If we ask what the real causes for the remainder of such phrases in the LSTSD despite the numerous
corrections, deletions of texts and additions of new articles in the law, the frank answers will admit
several reasons:
1. These phrases are not deleted, because if they had been deleted, it should become necessary
to insert other ‘mission-statements’, other ‘purpose-definitions’, answering to the question:
“To what should be directed the Doctoral theses, the Professors’ and the Dozents’
habilitations, the researches and the scholarly studies, the artistic work in the academies for
the arts?” The academic community in Bulgaria since the beginning of the transition period
has not bothered itself with such and similar questions. It was, is and probably it will
continue to be one of the most hectic politicized professional communities, which does not
care at all for its immanent mission, for the task of its institutional building and for the
necessity of its own reforming.
2. The educational legislation, its theory and history is a specific part in the juridical sciences.

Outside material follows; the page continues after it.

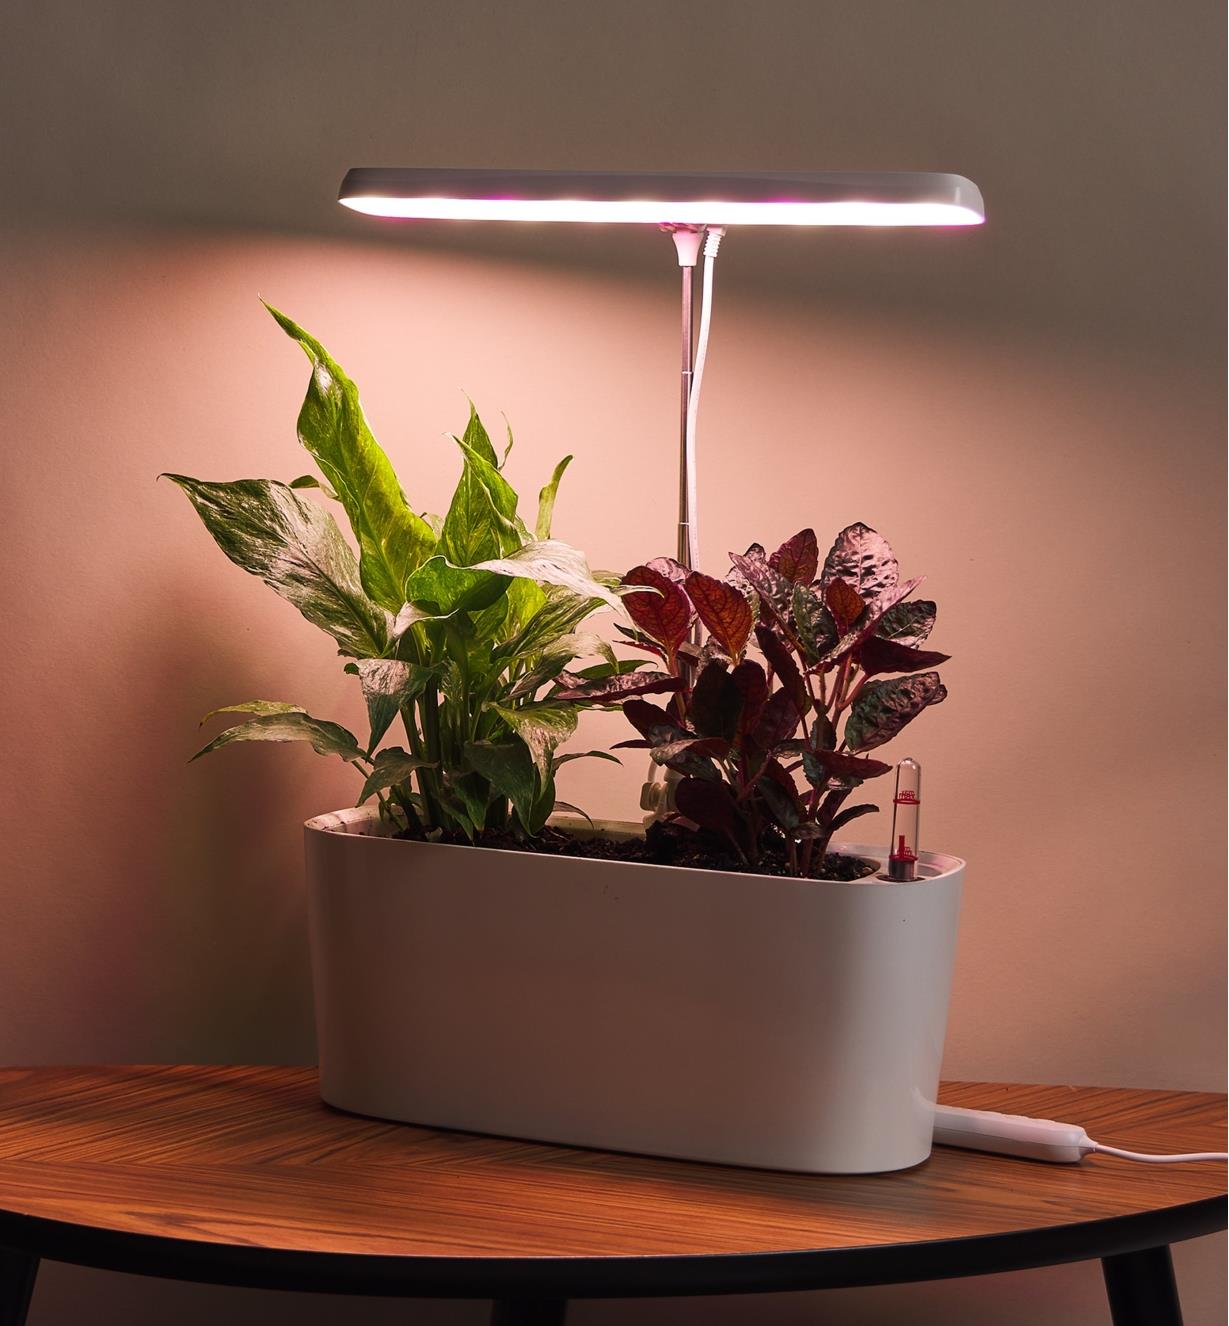 Two houseplants growing in a grow light & self-watering planter set placed on a small table

Probably, because of its peculiarity and limited sphere of application (compared with the
scope of the practical relevance of the other branches of the juridical sciences), is not taught
as an academic discipline anywhere. This makes the solution of these matters in a favourable
way dependant on very rare (and very unlikely for Bulgaria) coincidence of good
circumstances. In this connection I cannot uphold the bitter remark, that the profile of the
academic-juridical community is reflected in the present LSTSD. The members of this
community besides their academic work are engaged privately in all kind of advocates’
and/or consultants’ activities for private enterprises. The fruits of this prolonged neglect of
the educational legislation and especially of the act, regulating the development of the
academic potential and the academic resources of the country are to be seen.

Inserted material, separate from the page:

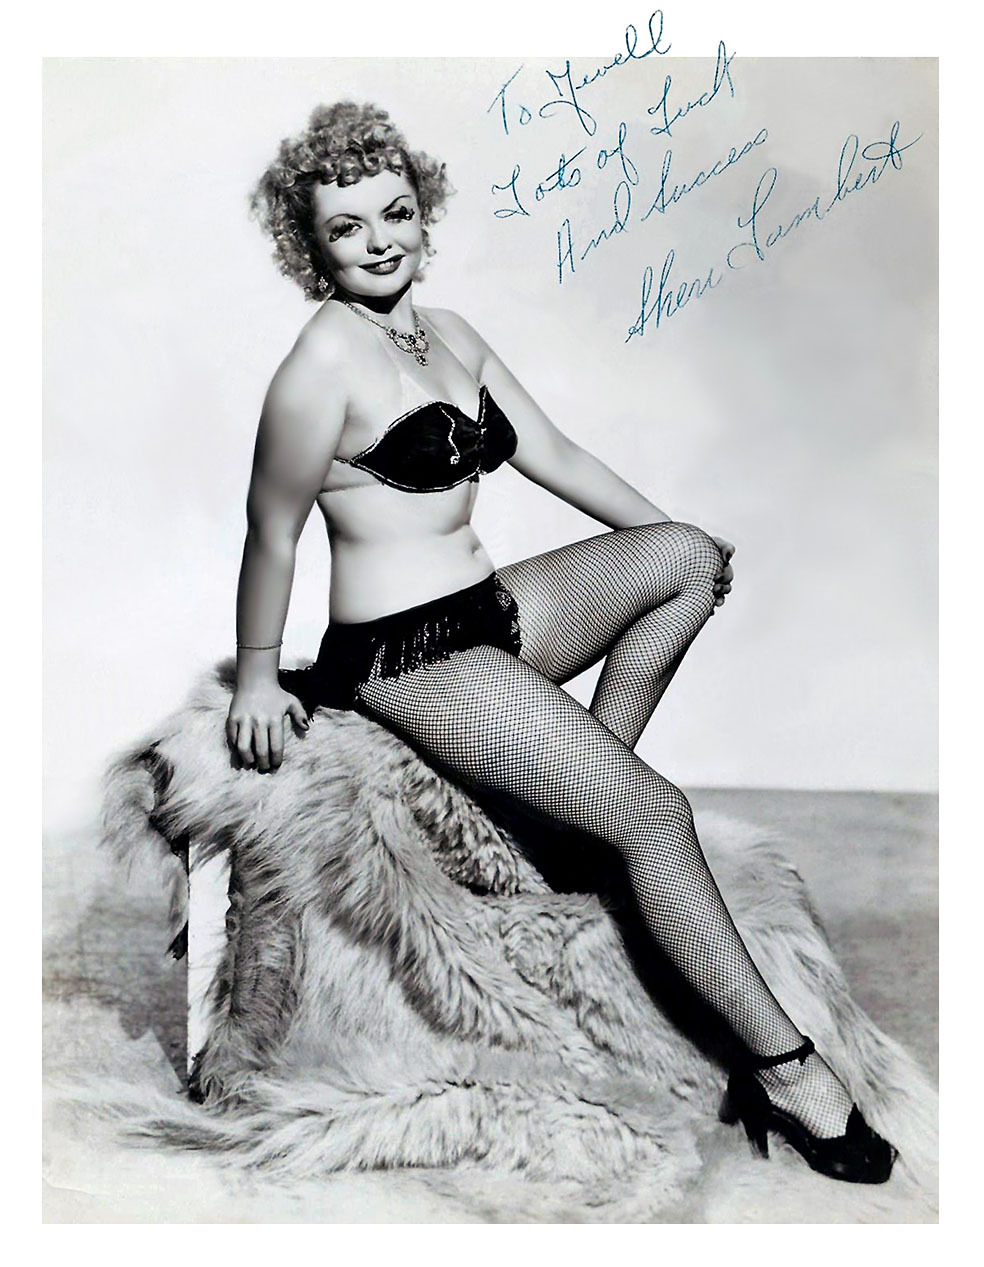 Sheri LambertVintage promo photo personalized:  “To Jewell — Lots of Luck And

3. The present Law and the collapse of some alternative initiatives, is the result of the extremely
conservative (and sometimes hostile) attitude of the highest level of the academic community
to all kinds of attempts to change the status quo. Even the most innocent steps in the direction
of change are swept and the concrete remains. The highest officials in the most influential
academic institutions, as the Presidium of the Bulgarian Academy for Sciences and the
Academic Council of the Sofia University opposed in 2000 the most significant and the most
radical legislative initiative – the draft proposal, submitted by Georgi Panev. They did it
without any detailed motivation and proposing only one pseudo-argument from the
instruments of the trickiest sophisms. Whatever change of the present regulation WILL lead
to negative results in the future. This sophistical pseudo-argument – argumentum ex futuro from a policy point of view is devastating, not to speak about its logical feebleness. It claims
for hypothetical future threatens and loses, and at the same time it neglects the extremely
unfavourable tendencies, that already evolve in the past dozen of years – the drastic reduction
of the academic resources and the human potential of our country.

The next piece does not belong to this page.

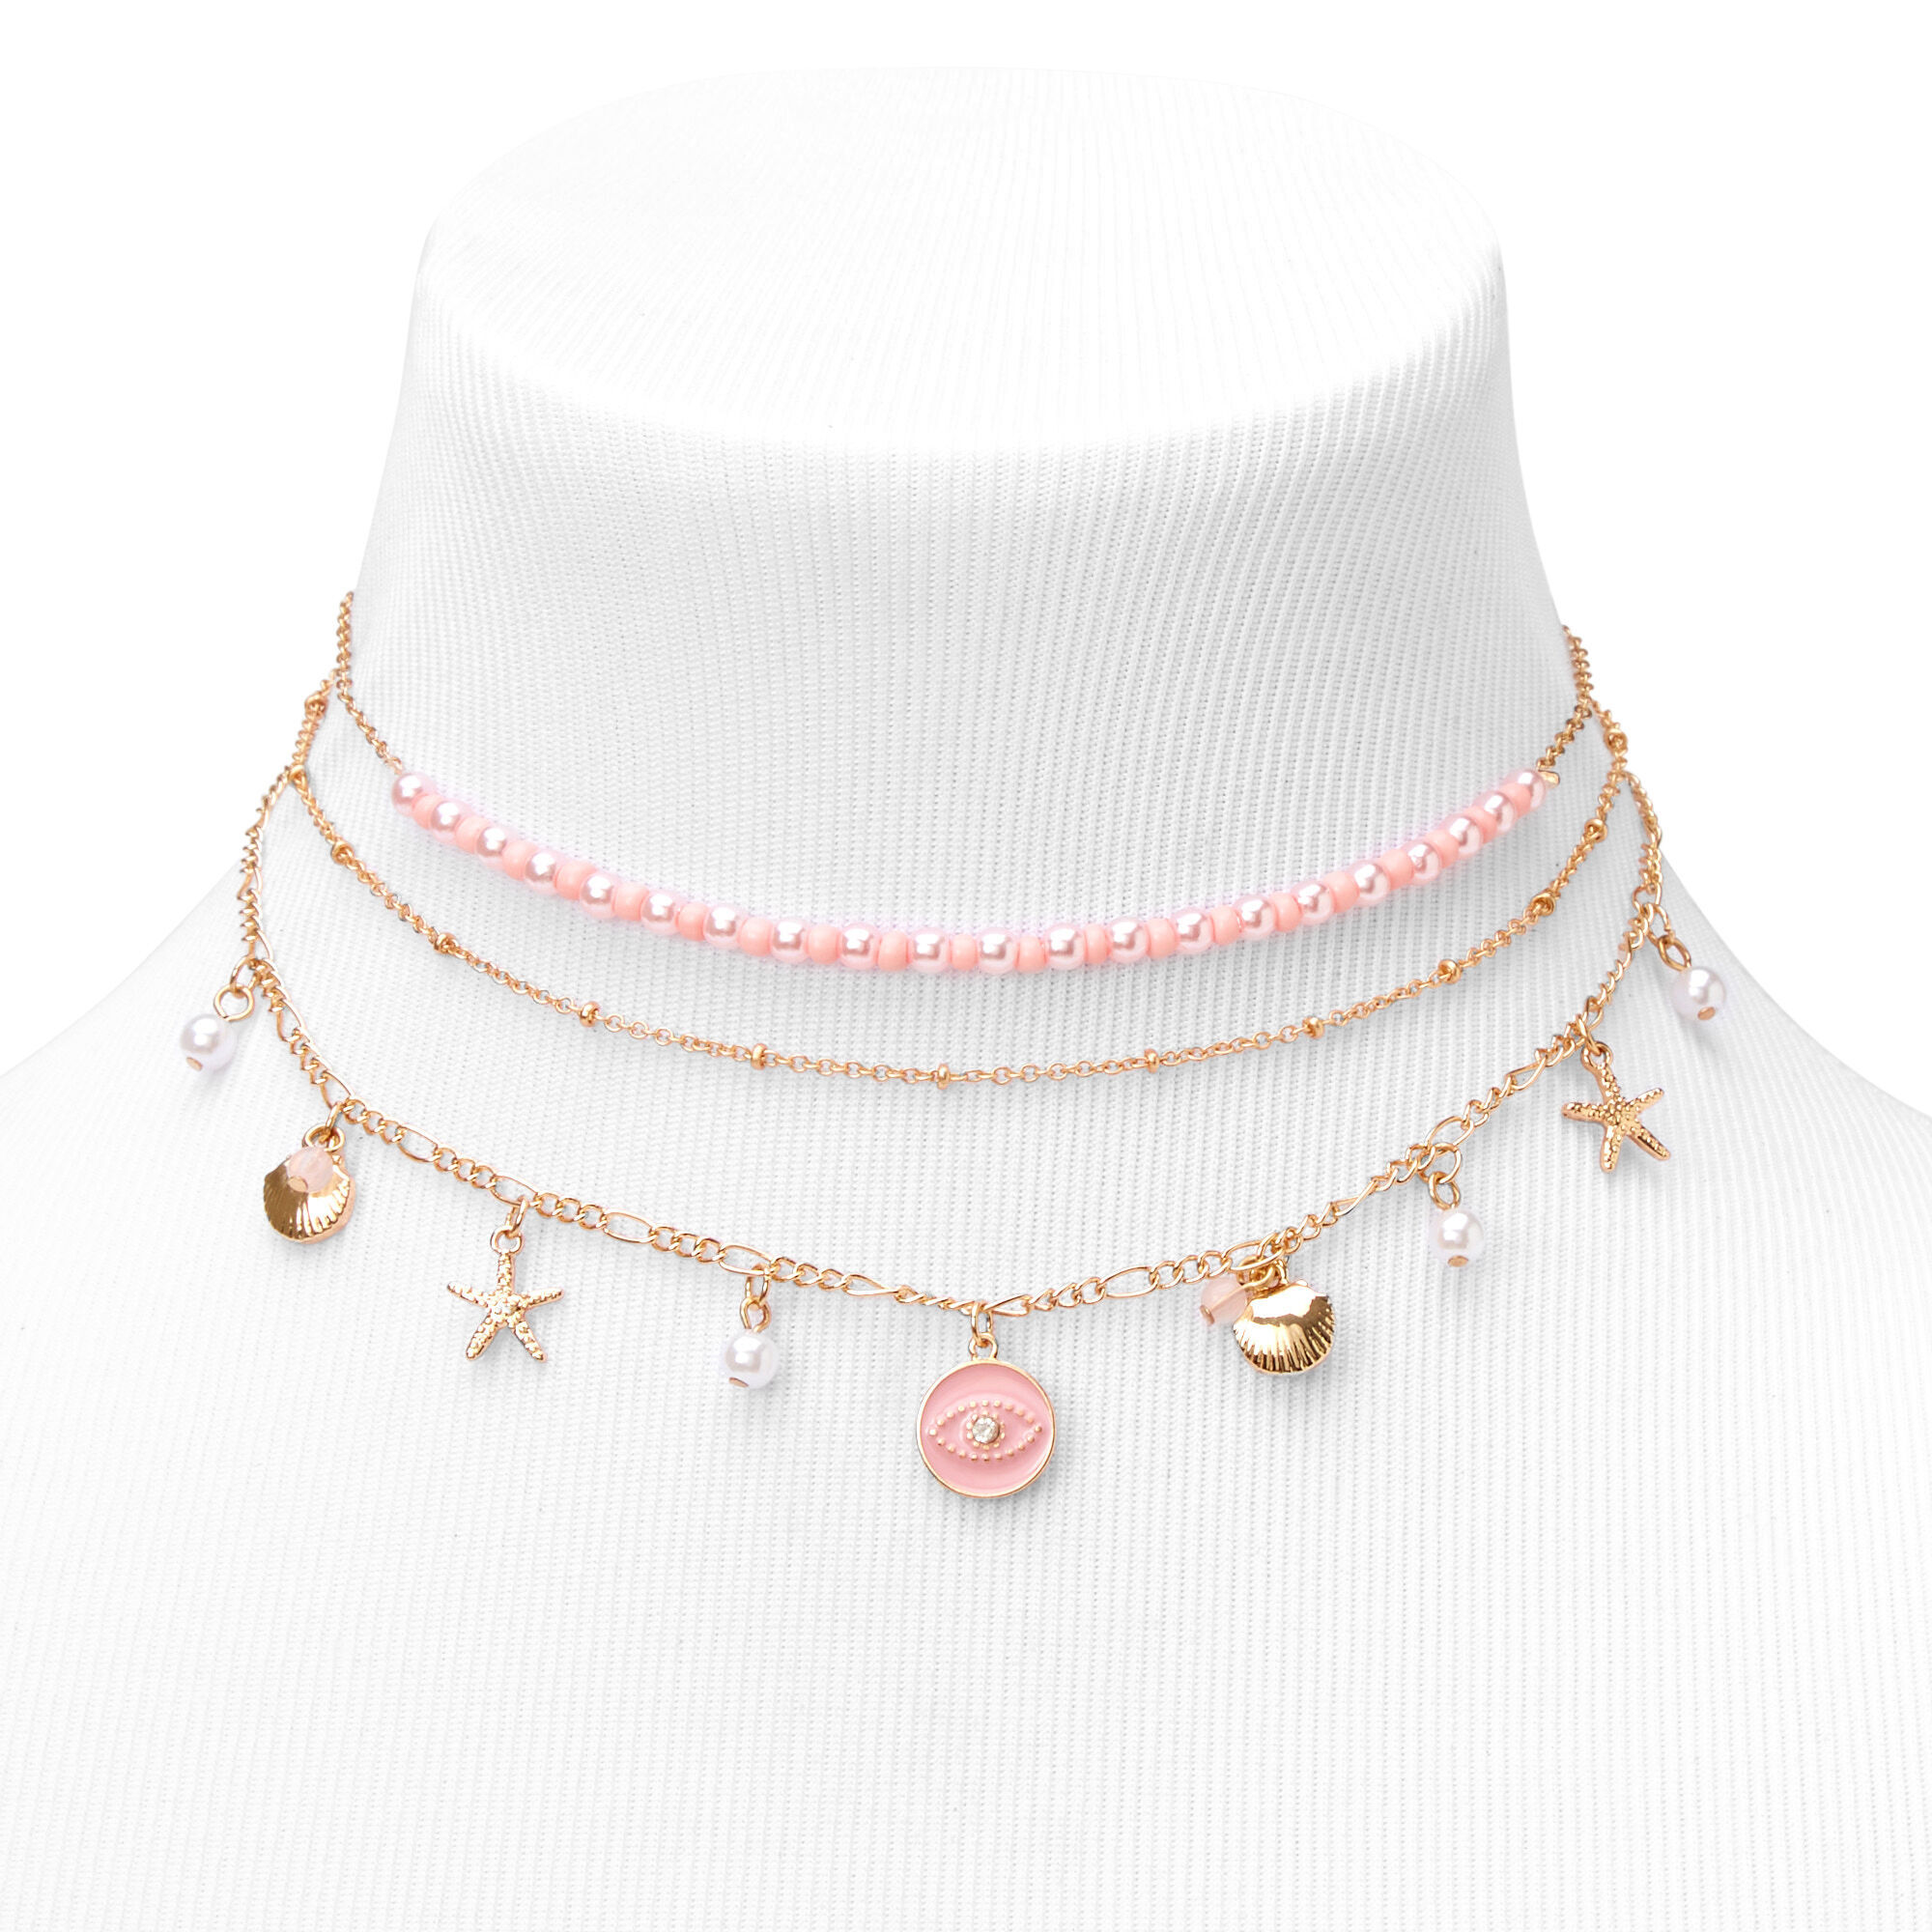 & Beads & Shell Necklaces - 3 Pack | Icing US

As only and solely explanation for these sad processes the academic nobility points out the law level
of the salaries, the insufficient payment, the bad working conditions and lack of IT equipment. But
isn’t it imposing of the responsibilities of the universities as institutions on the parliament and the
government (in all political configurations we have had so far in the transition period). The indulgent
self-vindication, that the “state does not care at all for the education and the scientific researches” is
always to the fore. It is true, that the salaries for the academic and the teachers’ work are insufficient
and that the part of the budget, allocated for the secondary and the tertiary education, and for the
scientific work, is small. It is undeniable that the majority retired Bulgarian academics and scholars
lead a miserable existence after decades of noble work. Their life now is not the deserved otium cum
dignitate, which enjoy their colleagues in the more developed countries.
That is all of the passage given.